Мне кажется, что такие именно зрелища в старом университете и клинике имели большое влияние на всю мою жизнь и судьбу. В минуты подобных чувств зрело мое отвращение к большим европейским городам, к „прогрессу“ и ко всему тому, что связано с этими городами и с таким прогрессом... В иные минуты, даже и к самой науке, или, вернее сказать, к тому образу жизни, который слагается почти неизбежно при постоянных и правильных занятиях кабинетной наукой.
– Нет! – думал я тогда, – Бог с ними и с познаниями и даже со славой ученого, если и у меня должно сделаться такое лицо... Избави меня Боже производить на кого-нибудь другого то впечатление, которое производит на меня теперь и сам Млодзеевский, и этот несчастный „честный труженик“, который около него стоит у стола...
Всё это так. Но, несмотря на все личные претензии моей юности, я как-то почтительно жалел Млодзеевского; я уважал его, и мне очень не нравилось, когда я замечал или слышал, что Овер обращается с ним грубо.
Я помню раз, один из товарищей наших Л – ский подходит ко мне и говорит:
– Что это за свинство право со стороны Овера так оскорблять Млодзеевского при нас!...
– Что такое?
– Сходит вниз, а сторож ошибкой подал ему шубу Млодзеевского. „Ах, извините, ваше превосходительство! это Корнилия Яковлевича!“ А Овер ему: „дурак, еще вшей на меня напускаешь!“
Меня тоже возмущало, когда я слышал иной раз громкий и сердитый крик Овера где-то, и мне товарищи сказывали, что это он на Корнилия Яковлевича кричит.
Жалел я почтенного и скромного наставника нашего, но тут же, помню, утешался особой научной радостью: „физиогномика права! У Овера лицо неприятное и характер скверный“.
Я мог по этому поводу скакать как сумасшедший Гоголя: „что меня за всё вознаградило сегодняшнее открытие. Я узнал, что у всякого петуха под перьями есть Испания!!» Я, действительно, тогда был почти сумасшедшим.
Я тогда всё думал, что со временем укажу людям возможность „устроить общество“, на прочных физиогномических основаниях, справедливых, незыблемых и „приятных“. Главное – приятных! Тогда мне было с небольшим 20 лет; теперь мне гораздо больше и я пришел к убеждению, что никогда люди „справедливо и приятно“ устроиться не могут, на каких бы то ни было основаниях. Да и не должны; ибо в случае успеха они забыли бы Бога и вечност...

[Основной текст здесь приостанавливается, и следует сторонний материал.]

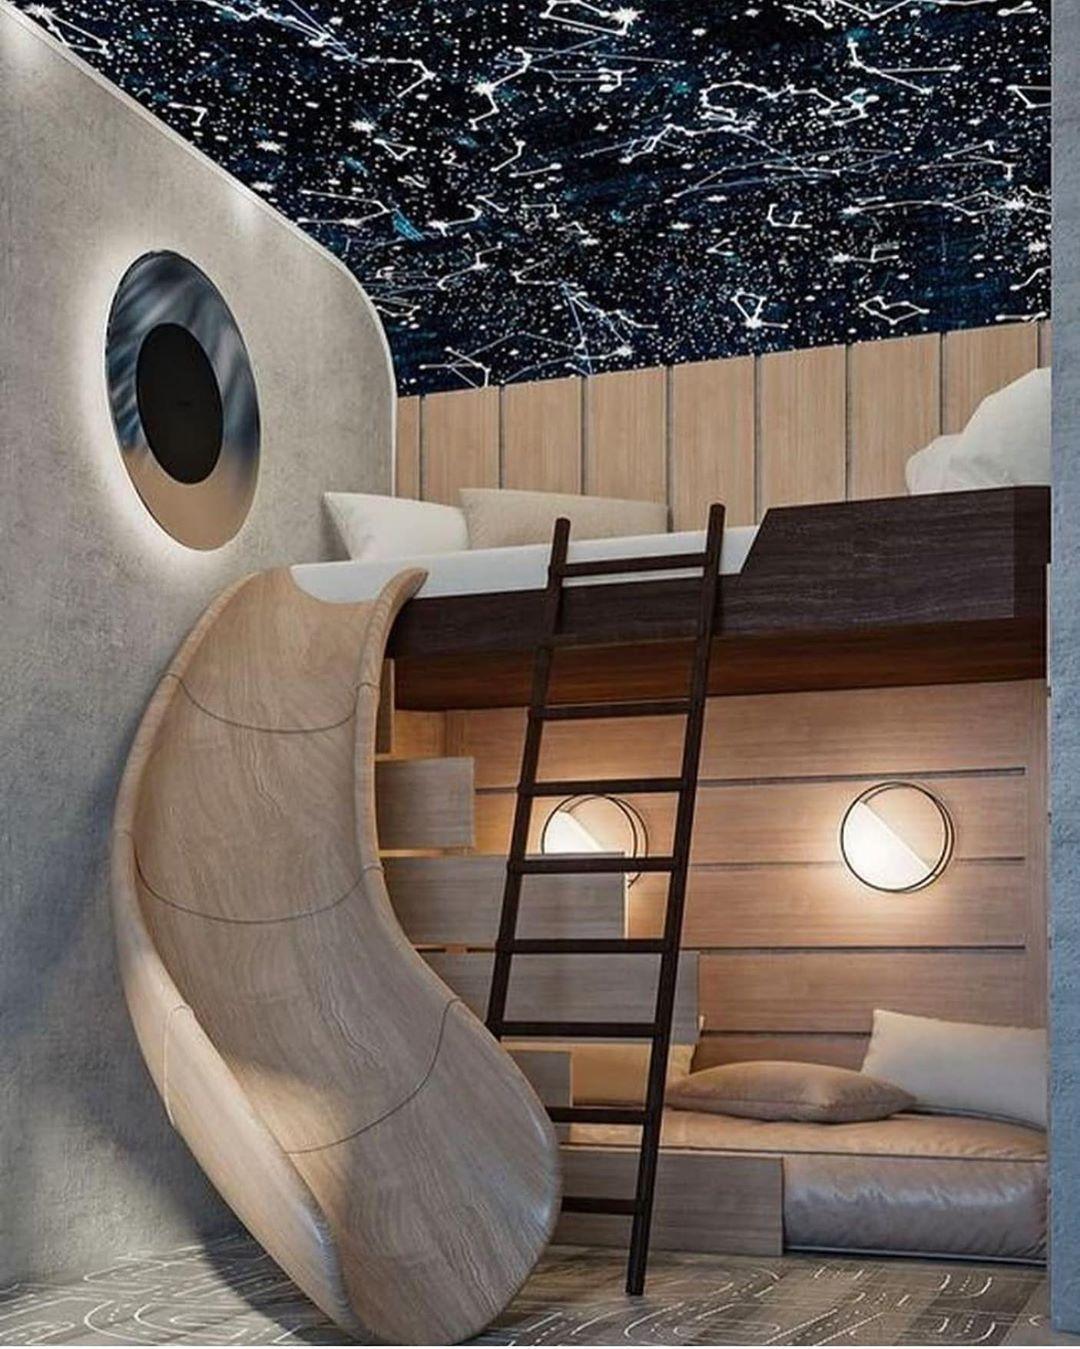 Loving this bunk room to ♾️ and beyond!! . . . Designer unknown. #bunkbed #bunkbeds #bunkroom #kidsroom #kidsbedroom #kidsbedroomdecor #builtinbunks #girlsbedroom #boysbedroom #girlsbedroomdecor #boysbedroomdecor #kidsroom #kidsbedroomdecor #kidsrooms #luxuryhome #luxuryhomes #architecturephotography #architecture #mansion #luxuryhomedesign #homearchitecture #homesweethome  #Regram via @bedrooms_of_insta

Как бы то ни было, физиогномика и меня, теоретически пытавшегося ее изучить, и других людей, просто наблюдательных, в данном случае, я думаю, не обманывала: Овер казался характера неприятного и красота его была неприятна; Иноземцов был прекраснейший человек, и лицо его, и вся особа его были в высшей степени привлекательны...
Контраст был такой, что его нарочно трудно было бы выдумать.
* * *
Мне очень жаль, что я тогда не записал имя и фамилию этой смелой женщины.